I’ve recently jumped into the activated nut milk bandwagon and am loving it!
Whilst some may think that activated nuts sounds like a modern fad, most traditional cultures soak, sprout and ferment nuts and grains and this has been in practice for centuries. It’s not that it’s been invented, rather it’s being re-discovered.
Activating nuts and seeds is the process of soaking raw nuts and seeds in salt water for a period of time that is long enough to start the nuts and seeds germinating. This process is believed to breakdown the Phytic Acid in the nuts and seeds and in turn you get what raw foodies call a “live” nut full of accessible nutrients that beforehand where bonded up in the Phytic Acid.

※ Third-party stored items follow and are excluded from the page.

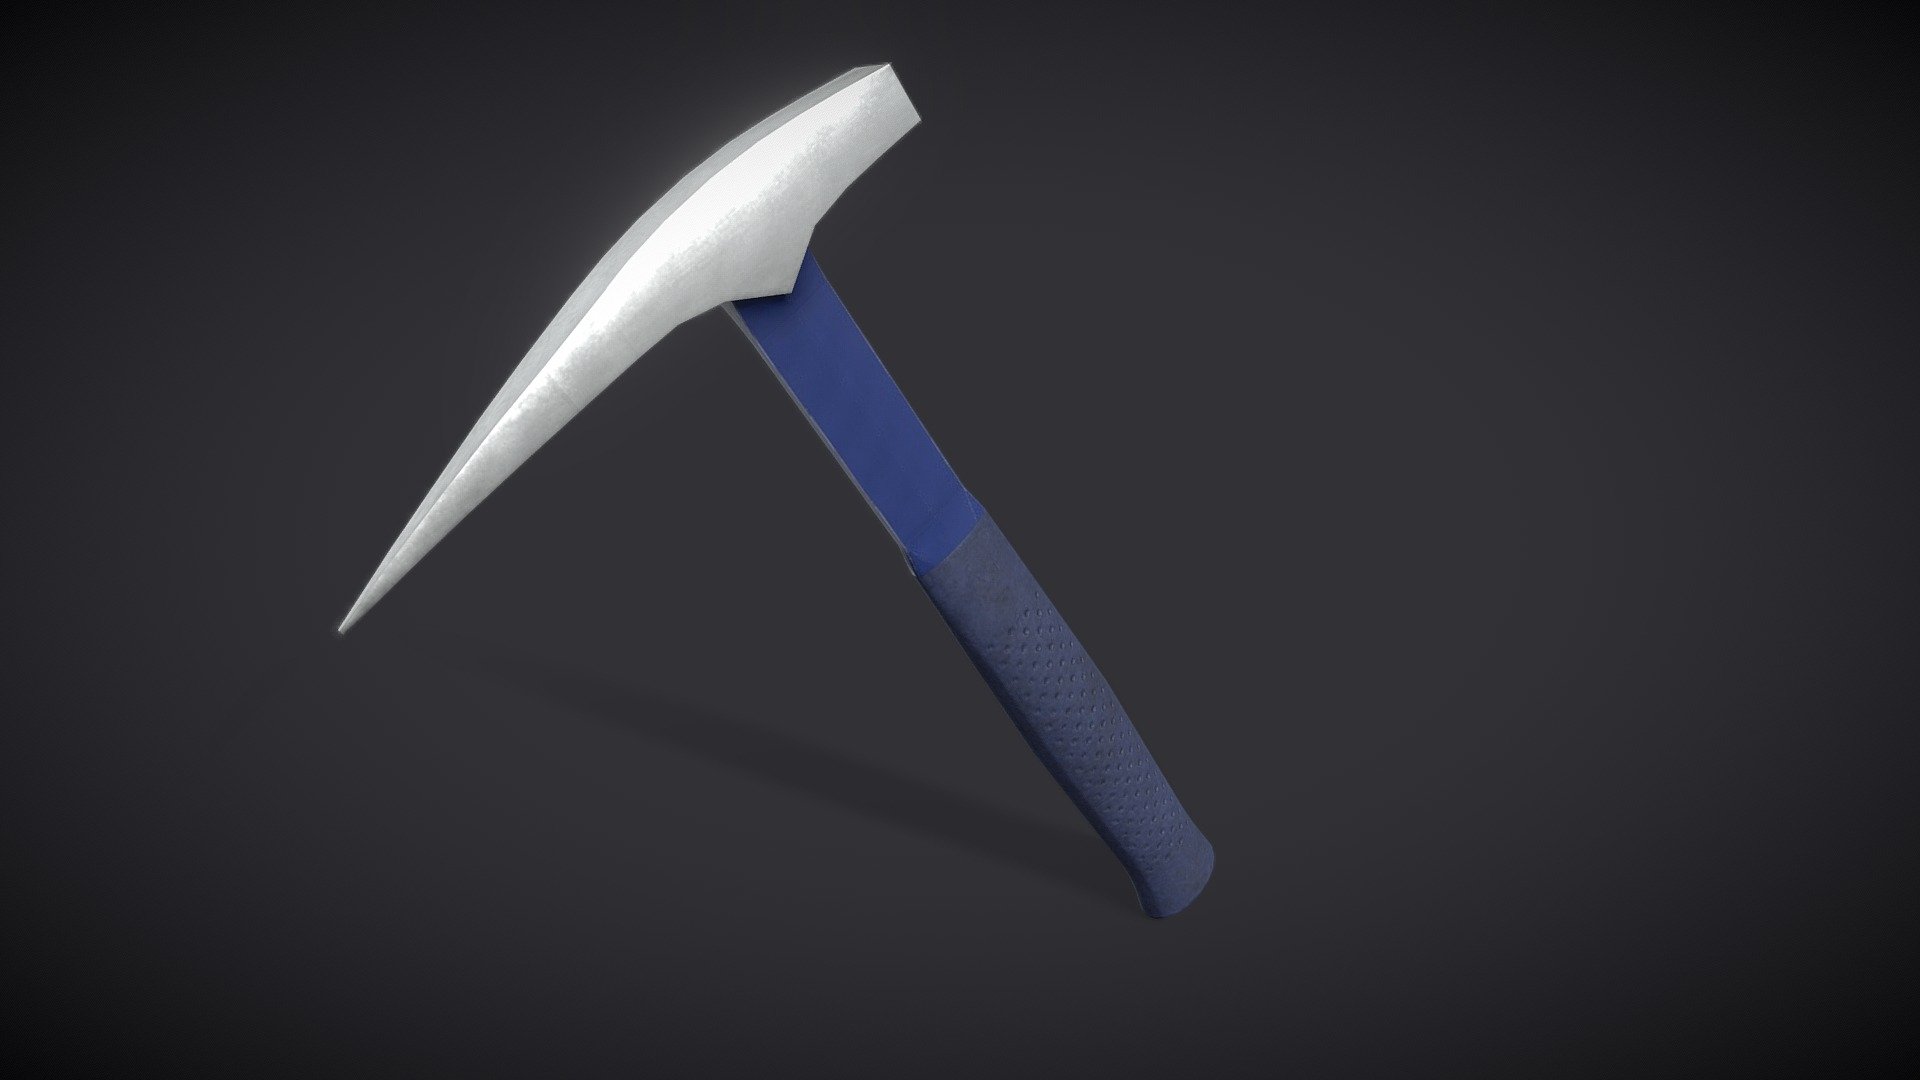 Geologist Hammer



Dimensions : 0.0266m x 0.222m x 0.368m

Texture : PBR, 1024, Metal

Files include : Textures, GLB &amp; FBX

Usage : VR, Game Ready
................

OVA’s flagship software, StellarX, allows those with no programming or coding knowledge to place 3D goods and create immersive experiences through simple drag-and-drop actions. 

Storytelling, which involves a series of interactions, sequences, and triggers are easily created through OVA’s patent-pending visual scripting tool. 

................

**Download StellarX on the Meta Quest Store: oculus.com/experiences/quest/8132958546745663
**

**Download StellarX on Steam: store.steampowered.com/app/1214640/StellarX
**

Have a bigger immersive project in mind? Get in touch with us! 



StellarX on LinkedIn: linkedin.com/showcase/stellarx-by-ova

Join the StellarX Discord server! 

...........

StellarX© 2022 - Underground Mine | Geologist Hammer - Buy Royalty Free 3D model by StellarX 3d model

Phytic acid binds with minerals and stops our bodies from absorbing these major nutrients properly. Enzyme inhibitors in the nuts can also interfere with our natural digestive enzymes, further reducing our ability to digest and uptake nutrients.
Whilst phytic acid and enzyme inhibitors naturally occur within growing nuts, they are not so compatible with the human body. Whilst a moderate intake of phytates may be associated with lowered cancer risk, an excessive intake may interfere with our bodies’ digestion and absorption.
As nuts have loads of goodness, we want to extract all their rich benefits when we eat them. However, much of this goodness is essentially ‘locked up’ by enzyme inhibitors and phytic acid, preventing our body from absorbing nuts’ nutrients fully. So what can we do about it? We activate them!
Activation stimulates the early germination and sprouting process within the nut and seed. This has a twofold benefit; firstly, enzyme inhibitors are disarmed so that the plant can begin its next stage of growth. At the same time, phytic acid levels drop as the nut taps into this energy store in preparation for its impending growth spurt.
Soaking and sprouting mimics germination, essentially waking up the nut or seed so that we can absorb the highest amount of nutrition it has to offer.
The good news? The substances which block nutrient absorption are disabled, whilst the other beneficial nutrients remain intact. We end up with a delicious, nutritious snack that our bodies can easily digest and absorb!
Are Activated Nuts better for you?
Activated nuts are not only great because they don’t contain enzyme inhibitors and phytic acid. They’re also great because they contain more readily available nutrients.
The process of activating causes the levels of proteins and essential vitamins to increase above those of un-activated nuts. They’re easier to digest, gentler on tummies and because they’ve started to sprout, they’re alive again and chock-full of nutrients! There are many reports of people who couldn’t eat nuts before, but who can now tolerate eating nuts and seeds that have been activated.
How To Consume Activated Nuts
Once the nuts have been soaked for 7-12 hours in warm water and salt, they are then rinsed, drained and dehydrated in a very low temperature oven or dehydrator. The dried nuts are then stored in an airtight container.
Activated nuts can also be pulverized with water using cold press method, poured through a nut milk bag, cheesecloth or other fine mesh strainer to separate the pulp from the liquid. Sweeteners like maple syrup, honey or coconut nectar can be added. Nut milk is indeed a very refreshing and wholesome beverage for the whole family, except for children below 2 years of age and those who are allergic to tree nuts.